WHAT TO DO: Go to the line holding "Metal Core 100mm" in the entries below and write out exactly every line down to and including the line holding "illusion d'optique créative".

EXTRACTED ENTRIES:
===

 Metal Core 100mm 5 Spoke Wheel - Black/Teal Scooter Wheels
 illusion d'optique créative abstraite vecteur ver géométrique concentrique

===

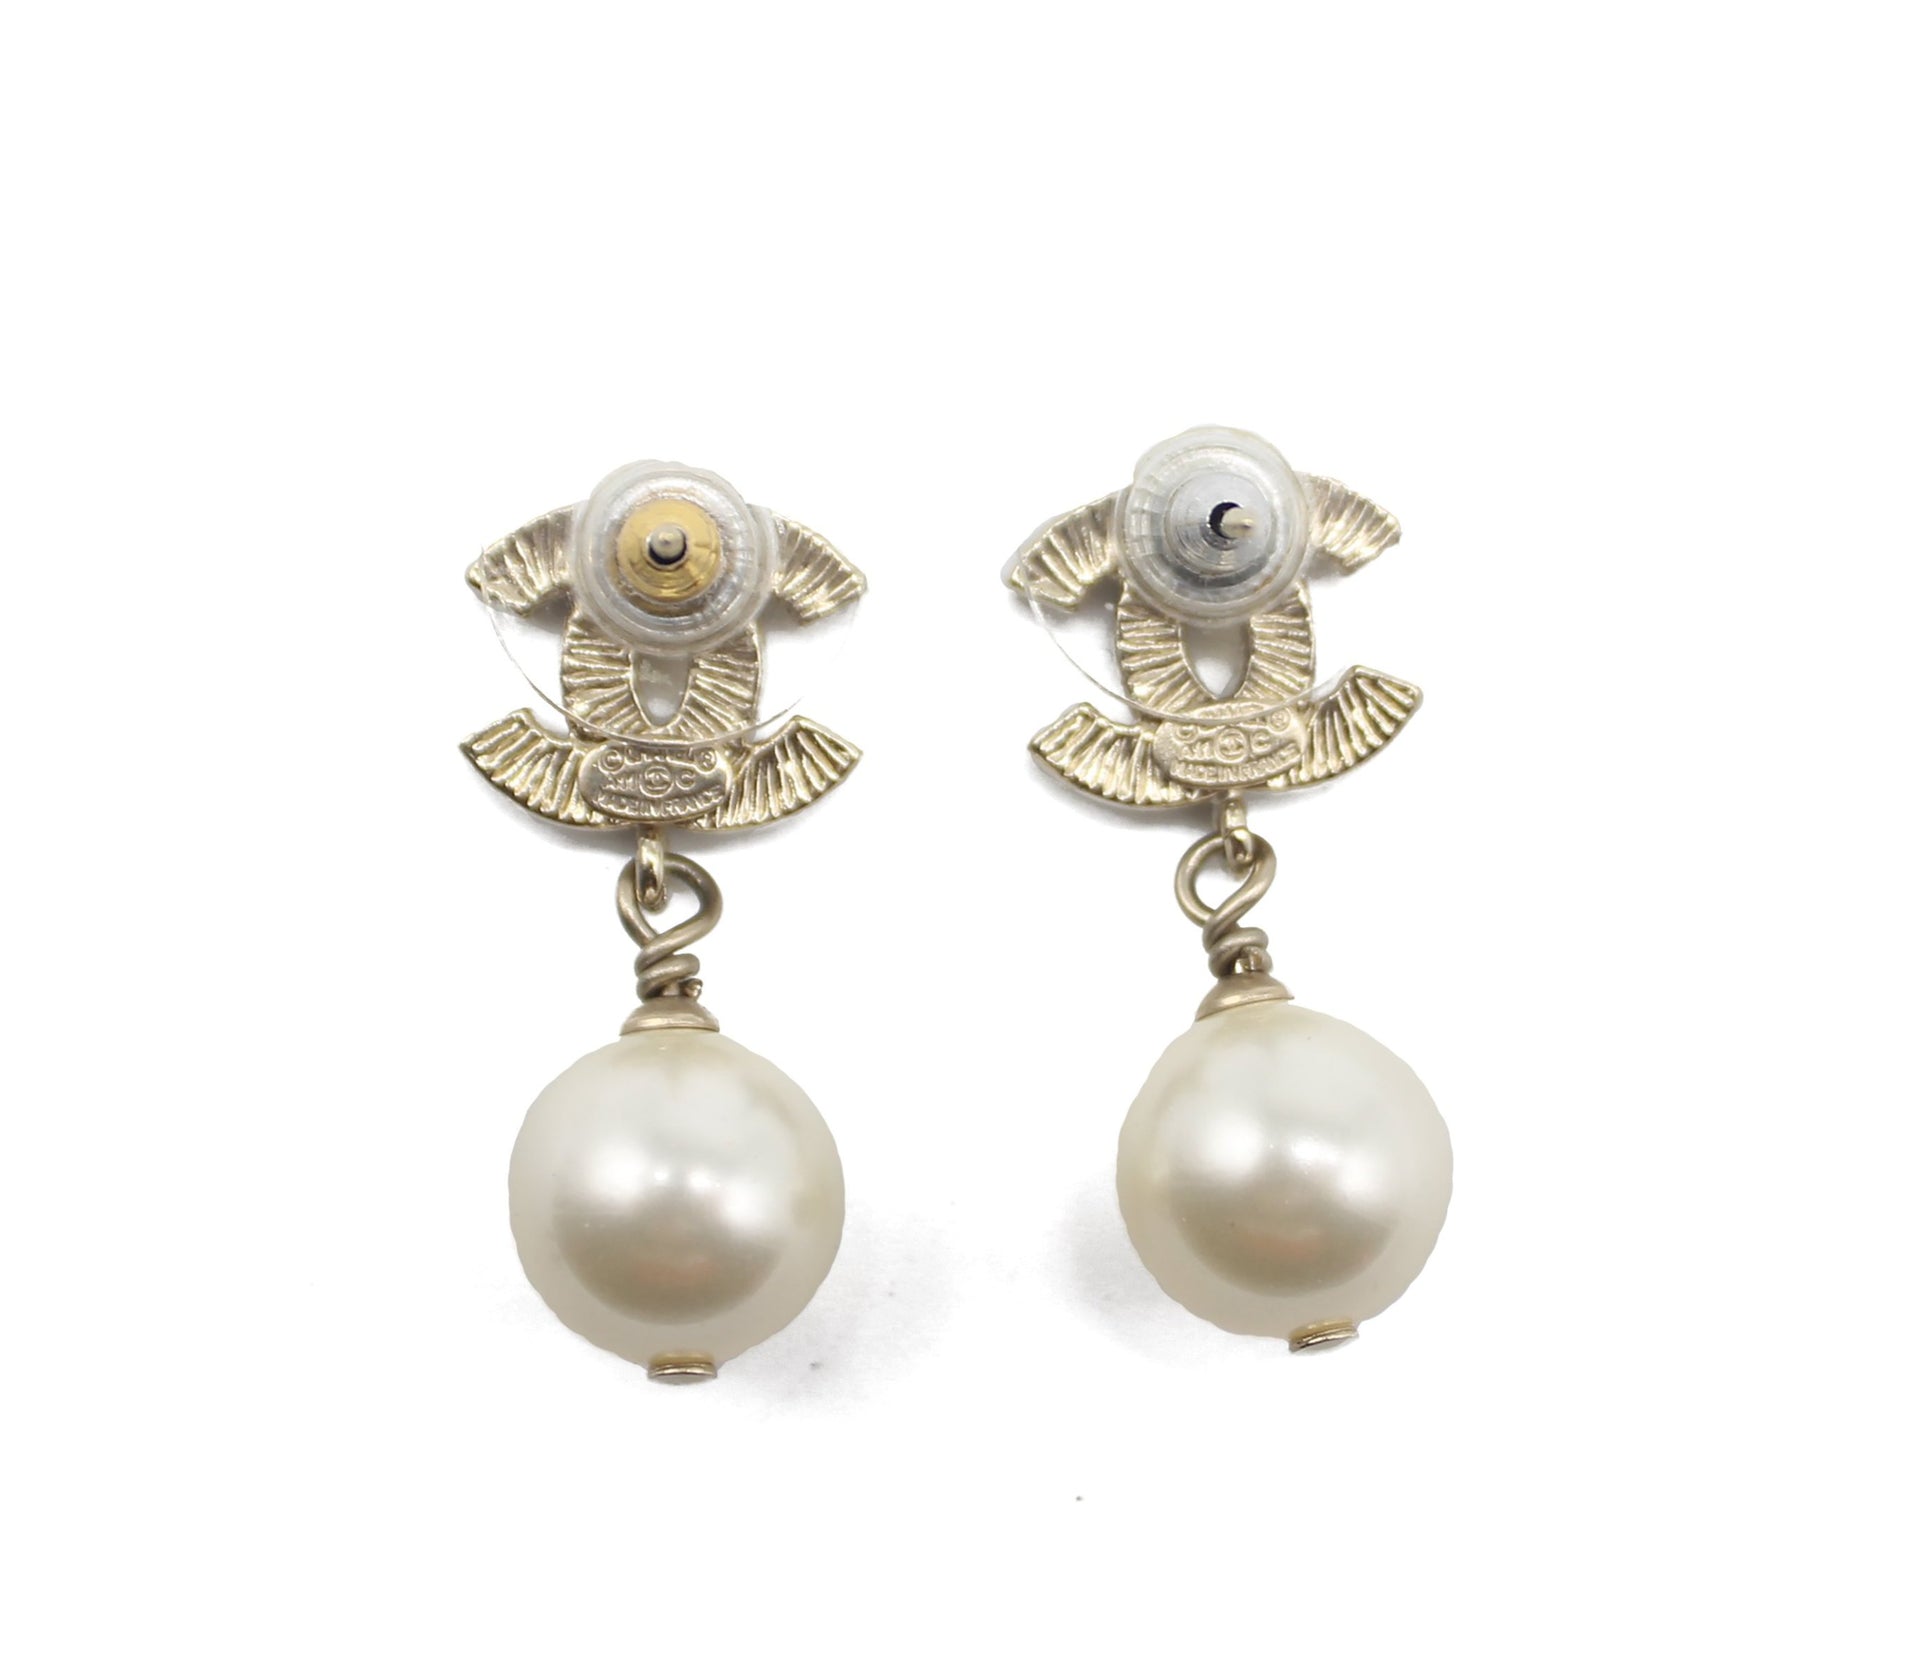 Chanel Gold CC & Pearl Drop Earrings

===

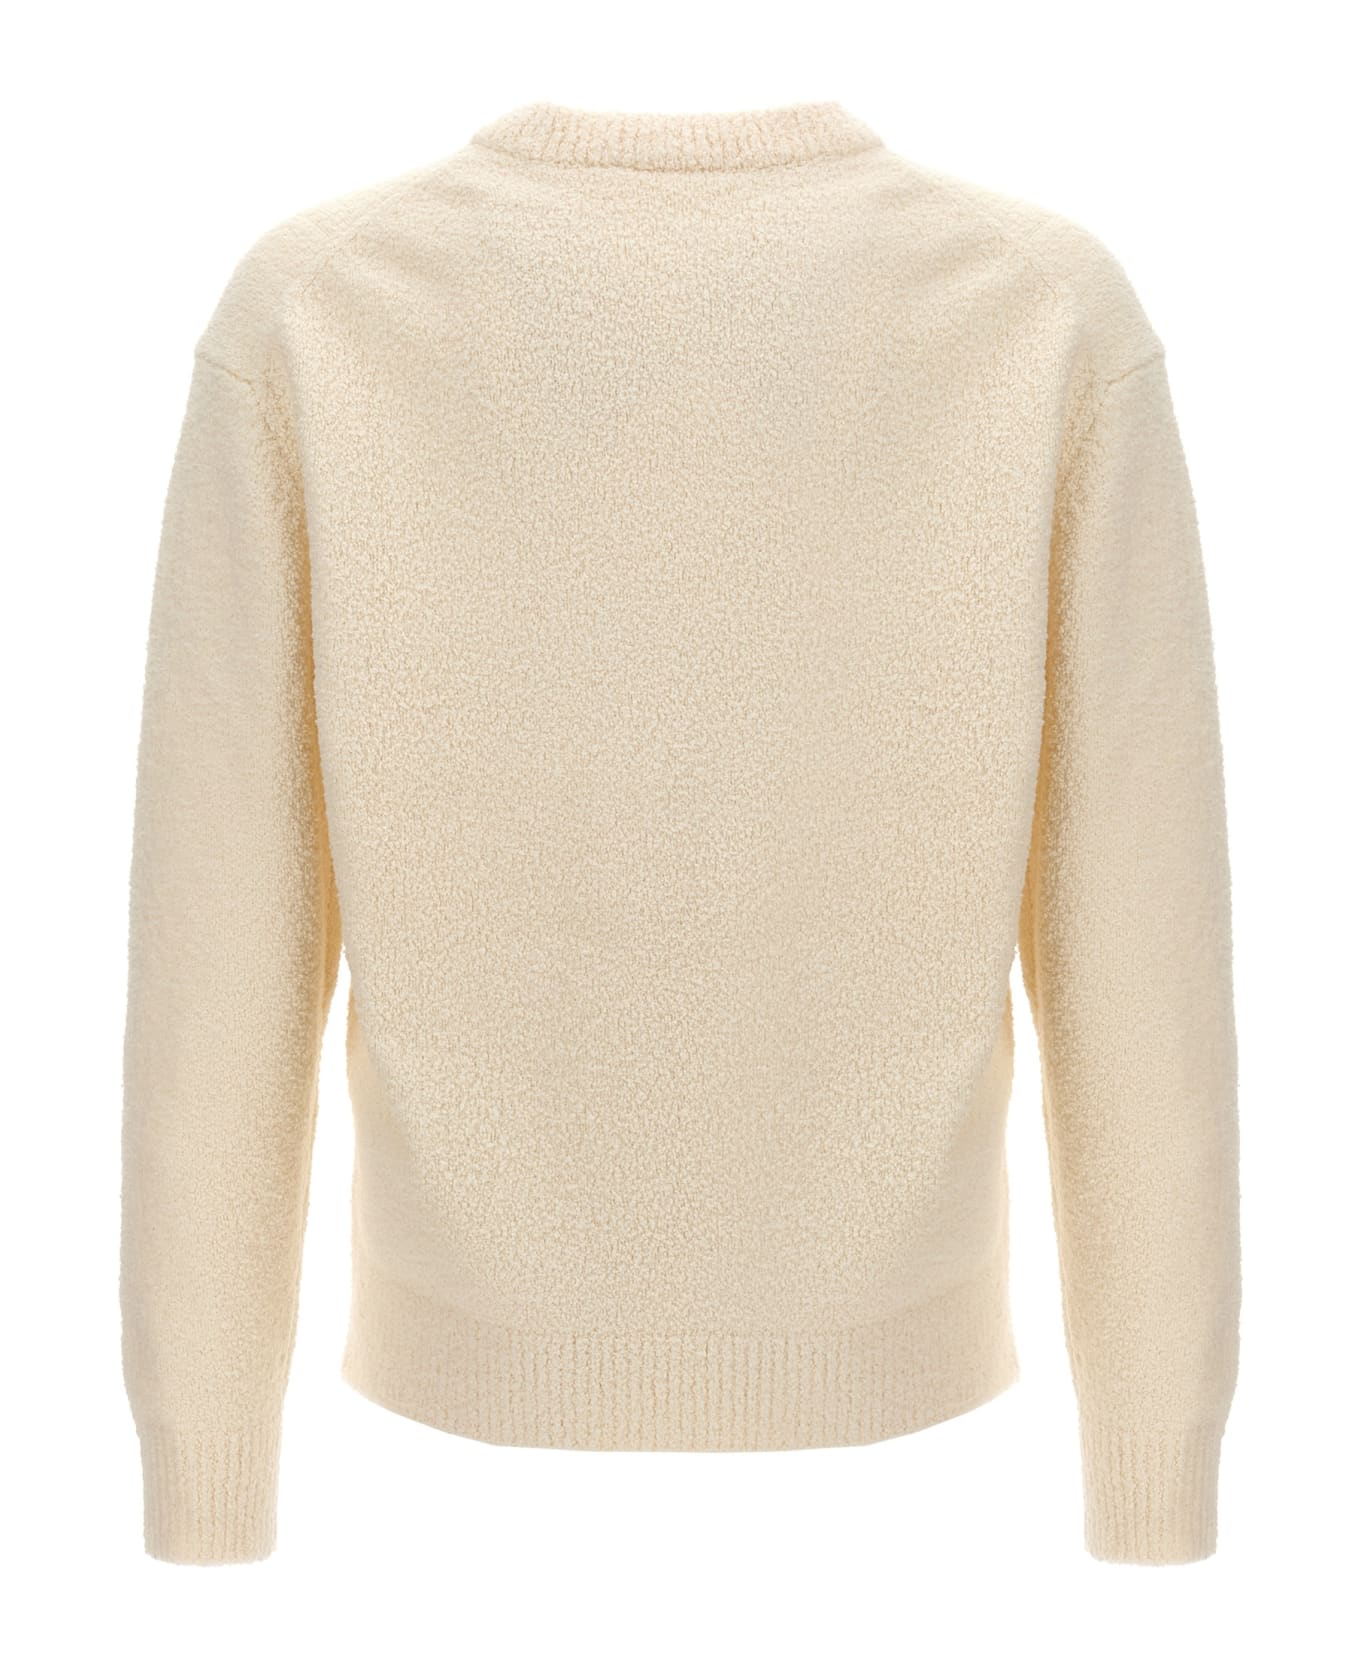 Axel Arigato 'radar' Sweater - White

===

ANSWER TO THIS EXERCISE:
 Metal Core 100mm 5 Spoke Wheel - Black/Teal Scooter Wheels
 illusion d'optique créative abstraite vecteur ver géométrique concentrique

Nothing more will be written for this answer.